Dusty Rodiek, director of Parks, Recreation & Forestry, explained the item.
“As a part of the fundraising campaign for the Ranger Hockey Performance Center, Brookings Ice Skating Association requests naming rights for the Blue Rink,” Rodiek said, adding the annual contribution for the Blue Rink naming rights is $8,000 per year, resulting in a total commitment of $80,000 toward the project.
The projected construction cost of the Hockey Performance Center is approximately $1 million according to a memo by Rodiek attached to the agenda.
The council approved Ordinance 21-033 to change the zoning of a portion of the Reserve Addition from Residence R-3 Apartment District to Business B-3 Heavy District.
Mike Struck, director of Community Development, said the ordinance pertains to property along 20th Street South along the east and west side of Christine Avenue and would provide opportunities for business growth and development.
Struck pointed out the area proposed for rezoning has wetlands north of it that can’t be developed. The city owns two nearby lots; one is a lift station lot, the other is a detention pond.
“Immediately adjacent to the property … that is also a detention pond that’s owned by the city, so your primary neighbors are gonna be immediately to the east in the undeveloped area of the R-3 right now,” Struck said.
Niemeyer asked Struck to explain the B-3 Heavy District.
It is a heavy business district and allows a lot of the retail options that are along Sixth Street; Main Avenue South south of the railroad tracks to 15th Street South; in the northeast quadrant on the east side of the interstate with the implement dealers, Struck said.
“It’s a lot of service-orientated type services,” Struck said, like appliance stores, health clubs, furniture stores, storage units, and some retail.
The council approved a conditional use permit for a woodworking shop at 202 Fourth St.
Struck explained Jerry Cooley is proposing to establish a woodworking shop in a 200-square-foot area in a detached garage.
“Part of the reason it triggers the major home occupation fact is he does plan to produce products that he would offer for sale off the premise at different craft shows, fairs, things such as that,” Struck said.
The Planning Commission stipulated two conditions: The conditional use permit is for the applicant only and cannot be transferred to subsequent property owners, and the hours of operation must be limited to 7 a.m. to 10 p.m., “and that’s primarily because of when the noise ordinance would come into play with the city,” Struck said.
Bicycle Advisory Committee
Rodiek explained the first reading of Ordinance 21-035 pertaining to the Brookings Bicycle Advisory Committee.
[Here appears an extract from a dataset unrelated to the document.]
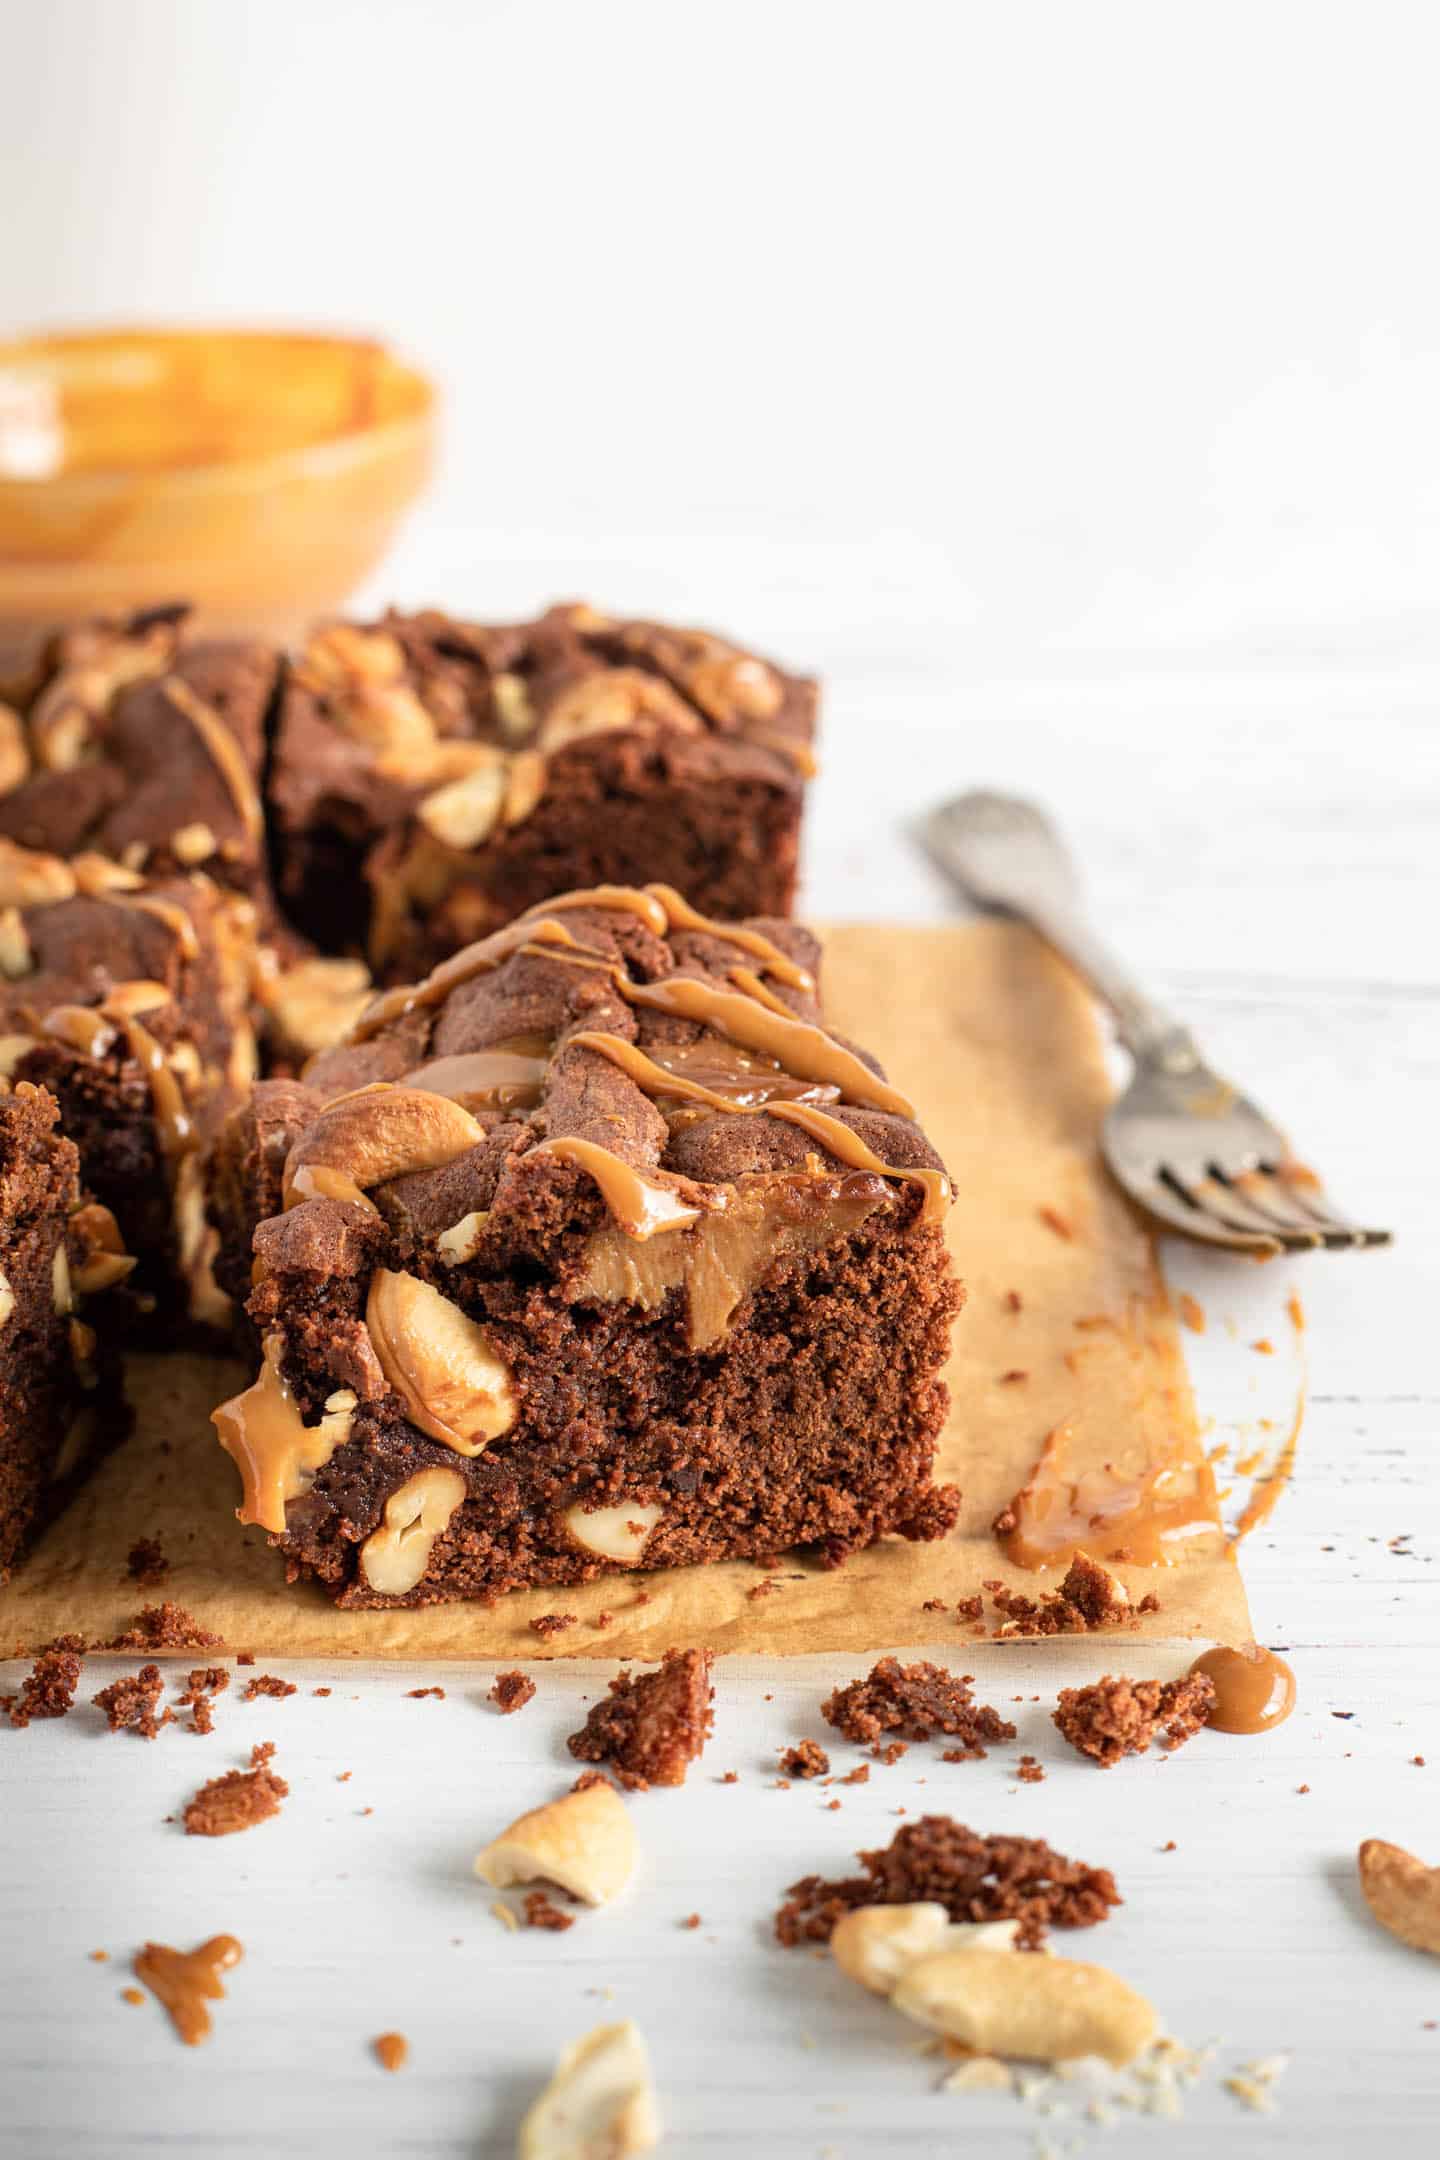 Cuadrado de brownie sobre papel manteca marrón, un tenedor y un bol con dulce de leche atrás

The ordinance would re-establish the Bicycle Advisory Committee as a subcommittee of the Park Advisory Board and set guidelines for it.
“The purpose of the committee has evolved from being strongly involved in developing the Bike Master Plan to bike advocacy,” Rodiek said.
“Moving forward, this subcommittee will continue to have a voice in the priorities of the Brookings Bike Master Plan and will be able to provide input similar to the manner that they’ve been now,” Rodiek said.
Councilor Nick Wendell said he appreciated the work of the Bicycle Advisory Committee and how it has promoted bicycling not only as a recreational activity, “but also as a means of transportation.”
“How will we ensure that this committee will continue to have a voice in promoting bicycling as a means of public transportation?” Wendell asked.
“I’m not an expert in streets and the designs of bike lanes,” Rodiek said. “That’s why we’ve specifically invited the city engineer (Charlie Richter) to be a part of those discussions. … To ensure that bicycling is part of a viable transportation option, that’s why we’re gonna involve the city engineer in all of the meetings.”
“I’m happy to hear that,” Wendell said. “I just don’t want us to lose the progress we’ve made there.”
The second reading is set for Oct. 26.
The council approved:
• The low bid of $72.90 per ton by Blackstrap for road salt; it was one of four bids and was a 1.5% decrease from the 2020-2021 road salt price of $74 per ton.
“As a city, we do mix our road salt with sand at a ratio of one-third salt to two-thirds sand to help extend the life of the road salt and try to keep our costs down,” Assistant City Manager Jacob Meshke said.
• The bids for contractor snow removal equipment – including motor graders with wings, 3- to 6-yard loaders, loaders with reversible blades, end-dump trucks, and side-dump trucks – as listed in Resolution 21-084.
“We did see about a 5% increase across the board on a per hourly basis,” Meshke said. “Staff requests city council approve all bids received; contractors would be deployed in order of greatest value to the city.”